Les constructions de bois, si fréquemment employées pendant le moyen âge, exigeaient l’emploi de poteaux pour soutenir des pans de bois, des planchers, des appentis, etc. Ces poteaux restaient apparents, car les architectes du moyen âge avaient le bon esprit de ne jamais revêtir les bois de charpente d’enduits, de stucs qui les détruisent rapidement. Les laissant apparents, ils les façonnaient avec soin, les chanfreinant sur les arêtes, s’ils étaient à portée de la main, pour ne pas offenser les allants et venants et pour éviter la dégradation de ces arêtes. Beaucoup de nos maisons, de nos halles du XVe siècle, possèdent encore des poteaux isolés, travaillés avec soin et parfois même décorés de sculptures.

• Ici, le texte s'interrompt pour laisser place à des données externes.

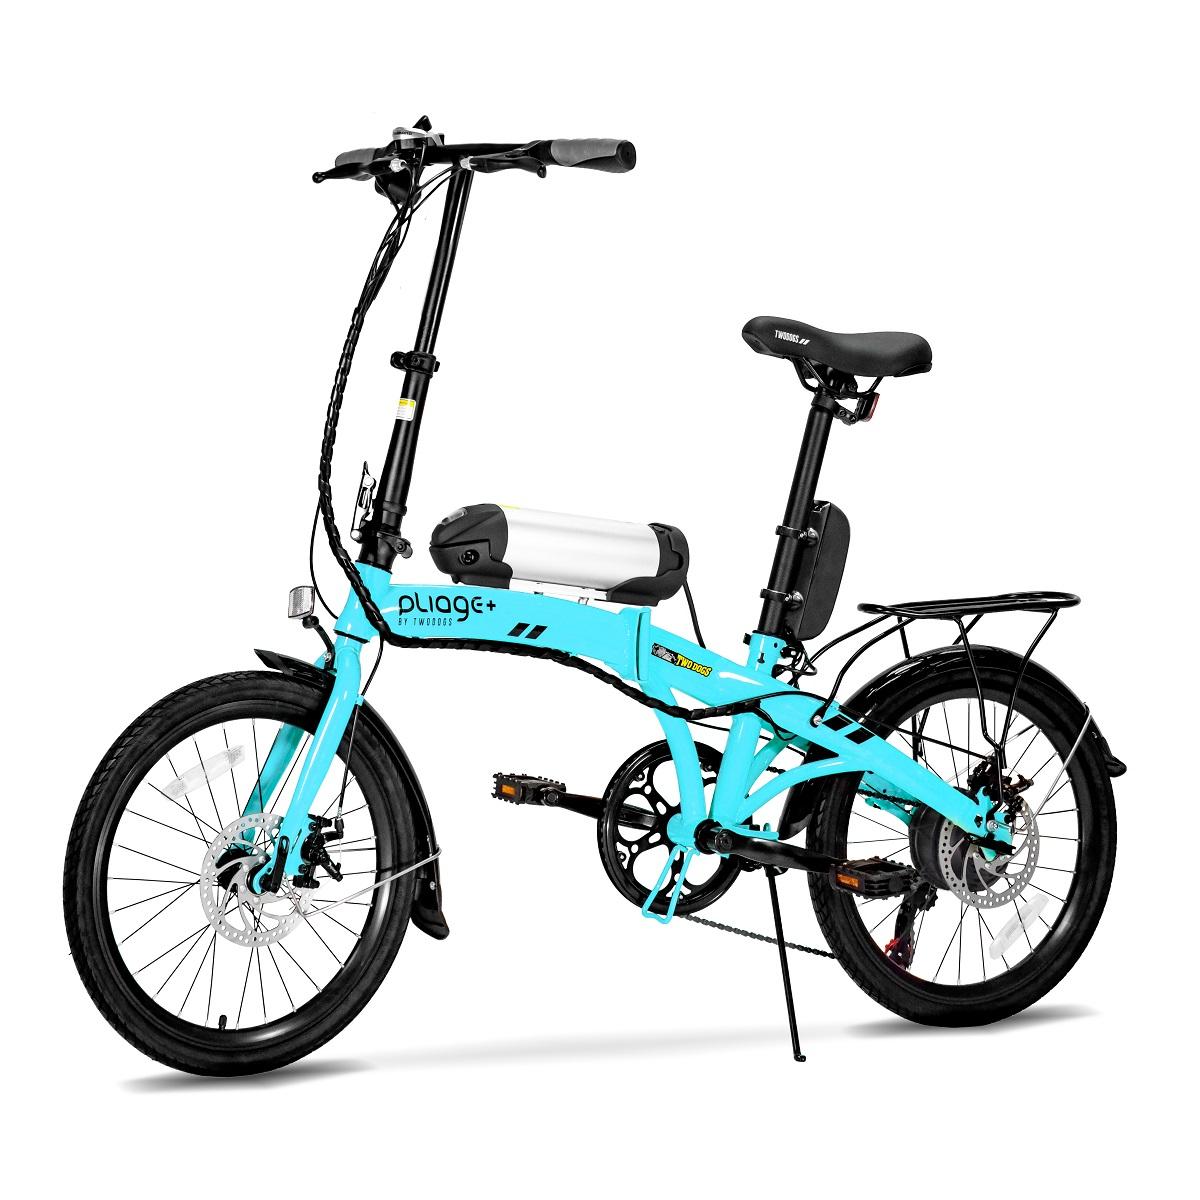 Bicicleta Dobrável Pliage Elétrica 350w Two Dogs Shimano 7v
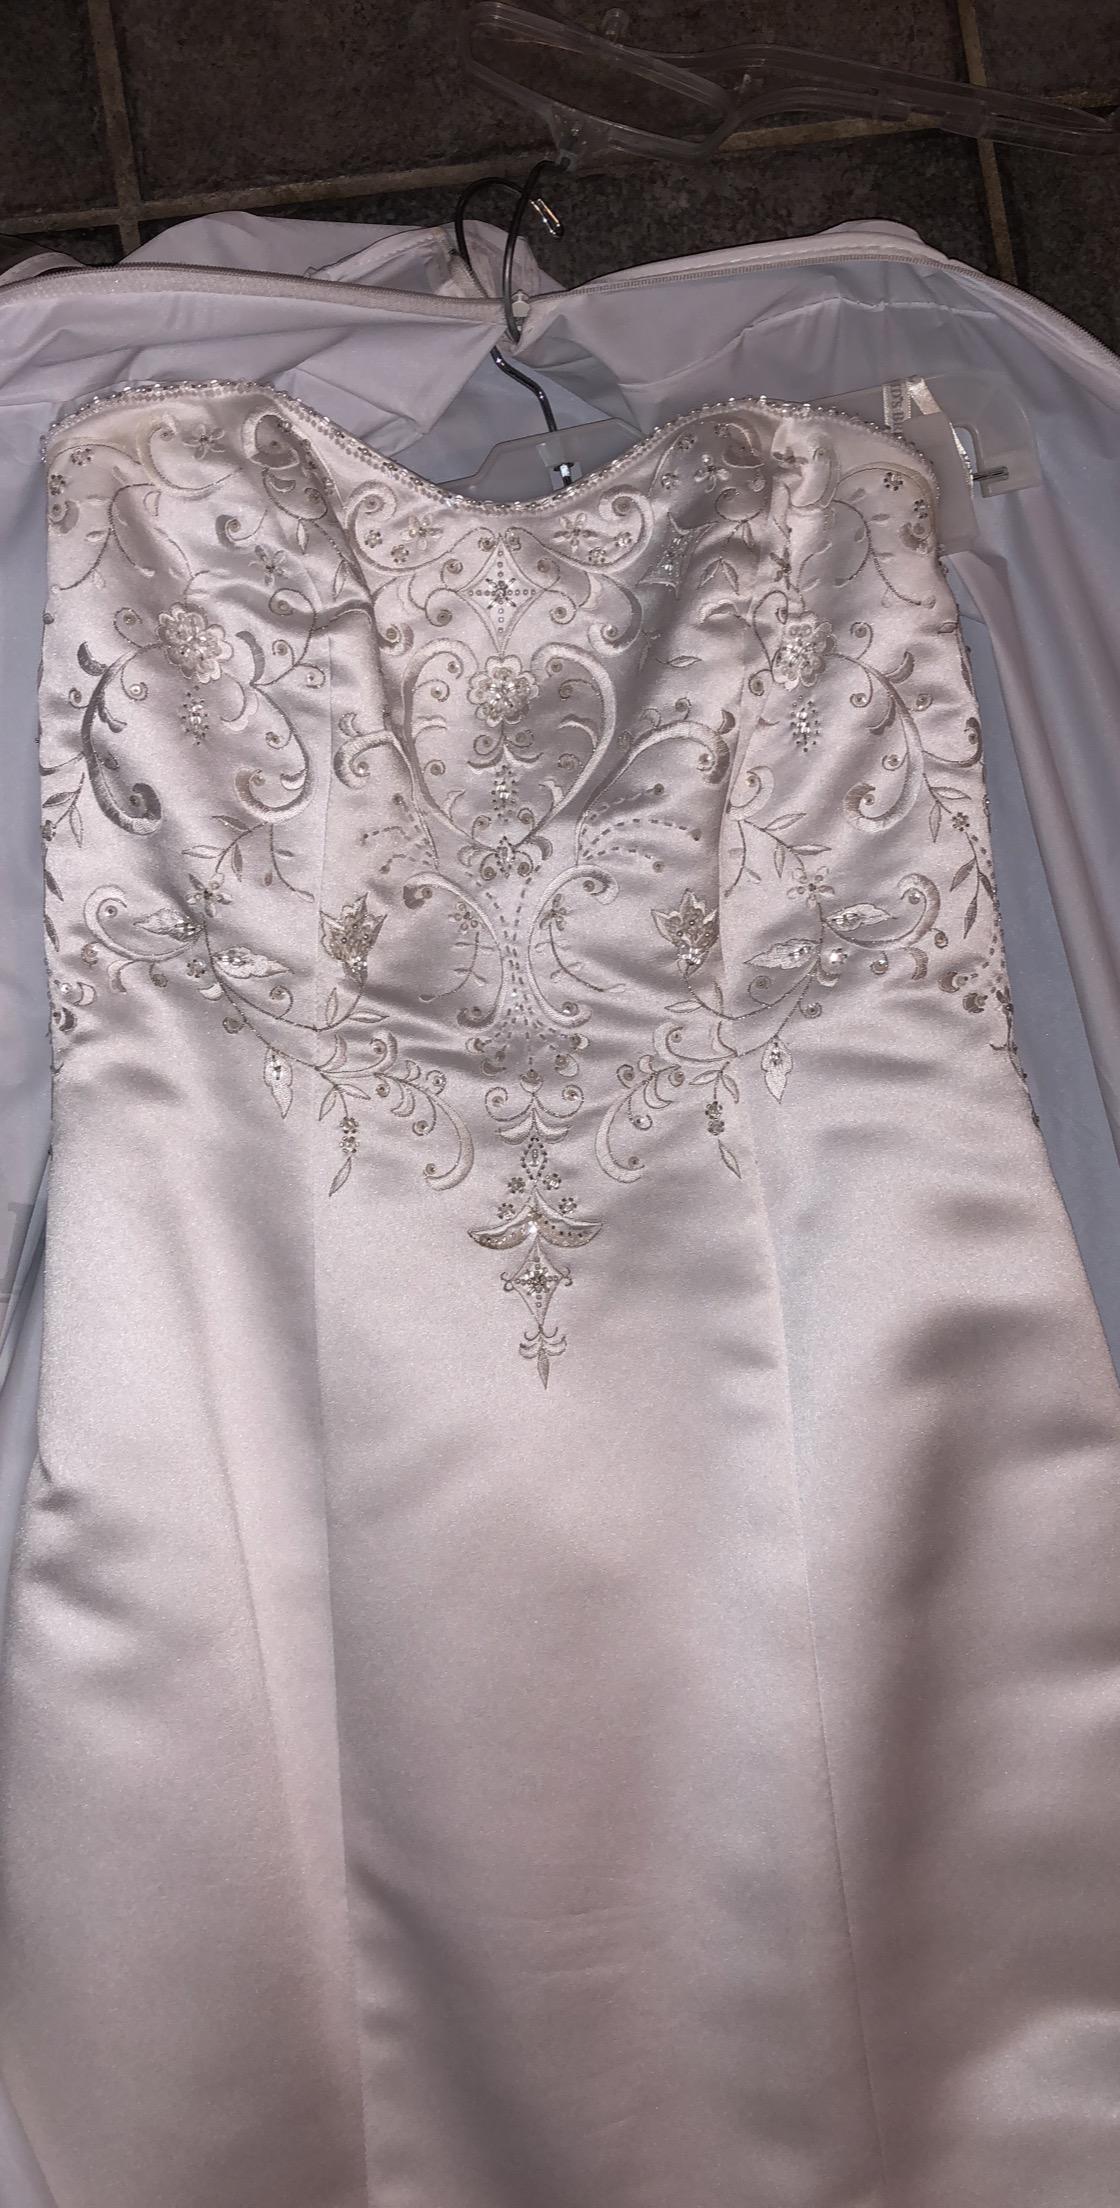 Sell Wedding Dress with the #1 site in the U.S. | Weddalia

Mais on peut citer comme un type de ces morceaux de charpente, les poteaux qui soutiennent le plancher et les combles de la douane de Constance ; aussi nous n’hésitons pas à les donner ici comme un résumé de ce que la charpente a su faire en ce genre de plus complet et de mieux entendu. La douane de Constance fut construite en 1388. Elle se compose d’un

  1. Voyez, dans les Annales archéologiques, t. XXII, p, 294, l’article de M. Didron sur les poteries acoustiques.